Olivia Newton-John chronology
| Totally Hot (1978) | Xanadu (1980) | Love Performance (1981) |

Electric Light Orchestra chronology
| A Box of Their Best (1980) | Xanadu (1980) | Four Light Years (1980) |

Singles from Xanadu
- "Magic" Released: May 1980; "I'm Alive" Released: May 1980; "Xanadu" Released: June 1980; "All Over the World" Released: July 1980; "Suddenly" Released: October 1980; "Don't Walk Away" Released: November 1980;

= Xanadu (soundtrack) =

Xanadu is the soundtrack to the 1980 musical film of the same name, featuring the Australian singer Olivia Newton-John and the British group Electric Light Orchestra (ELO). It was released in June 1980 on MCA Records in the United States and July 1980 by Jet Records in the United Kingdom. The original LP release featured on side one the songs of Newton-John, and on side two the songs of ELO. In 2008 the soundtrack album was digitally remastered as a bonus CD as part of the film's DVD release titled Xanadu: Magical Musical Edition.

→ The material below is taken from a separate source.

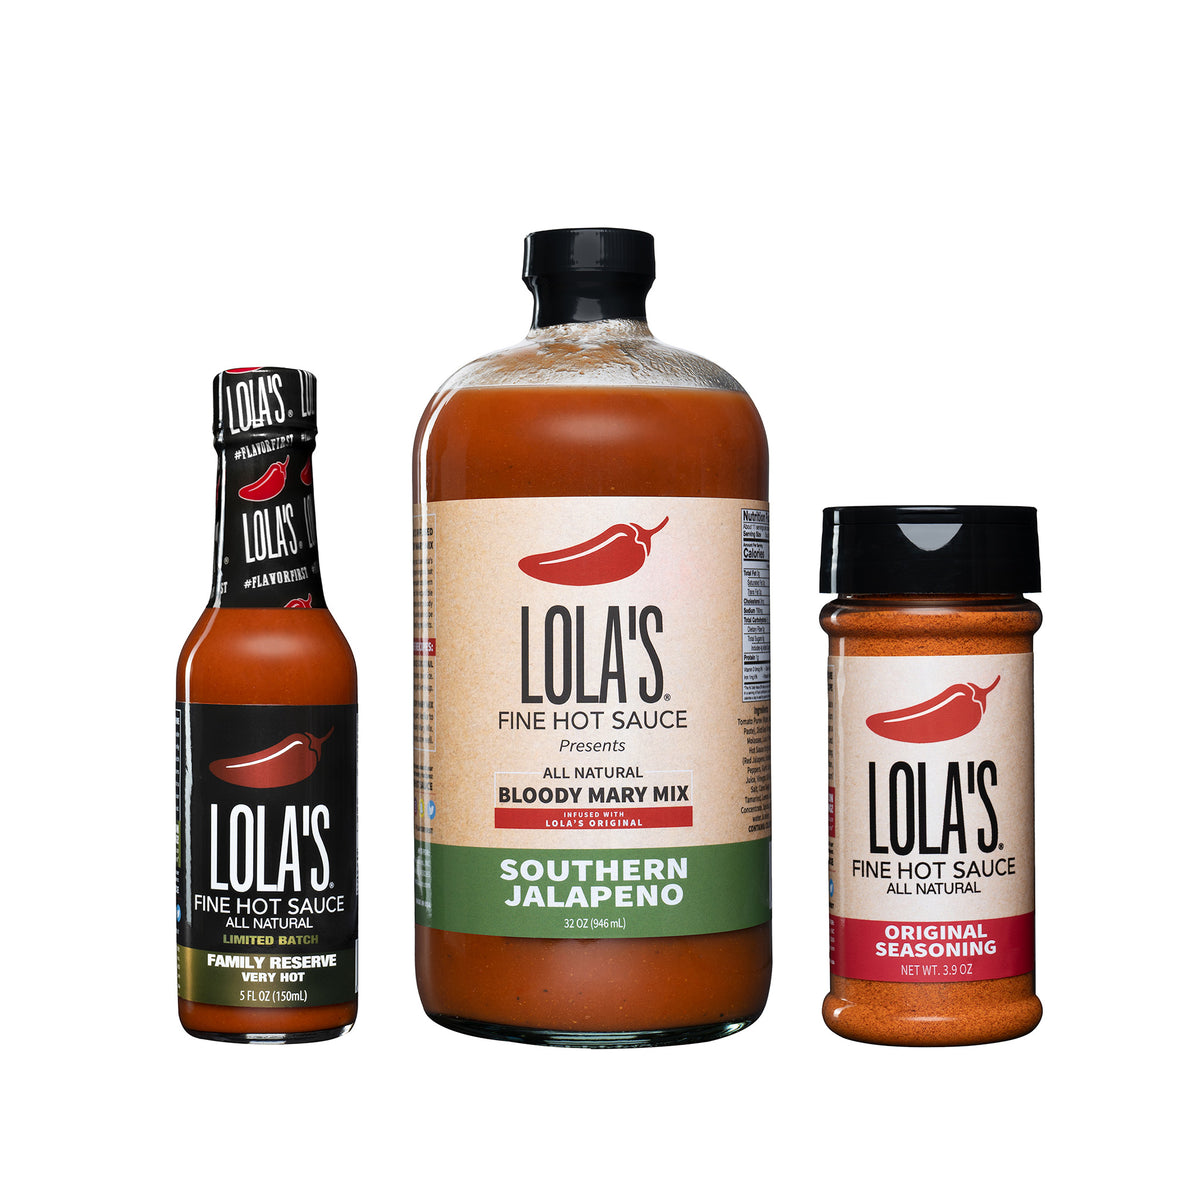 Lola's "Game Day" Bundle: A group of hot sauce bottles, a bottle of hot sauce, and a close-up of a bottle.

Although the film was a critical and commercial disappointment, the soundtrack was a worldwide success and received positive reviews from music critics, earning double platinum certifications in the United States and Canada. The singles "Magic" and "Xanadu" reached number one in the United States and United Kingdom, respectively. "Magic" became Olivia's ninth Number One single in The Netherlands, while "Xanadu" topped the chart in Italy. All in all, the album was the fifth most popular US soundtrack of 1981.

Professional ratings
Review scores
| Source | Rating |
| AllMusic | Star Half star |
| Encyclopedia of Popular Music | Star |
| MusicHound | 1.5/5 |
| Smash Hits | 6/10 |

== Background ==
The soundtrack featured songs on side one by the film's star, Olivia Newton-John, written by her long-time producer, John Farrar. The songs on side two were written and performed by ELO; the title track which closed side two featured Newton-John as lead vocalist.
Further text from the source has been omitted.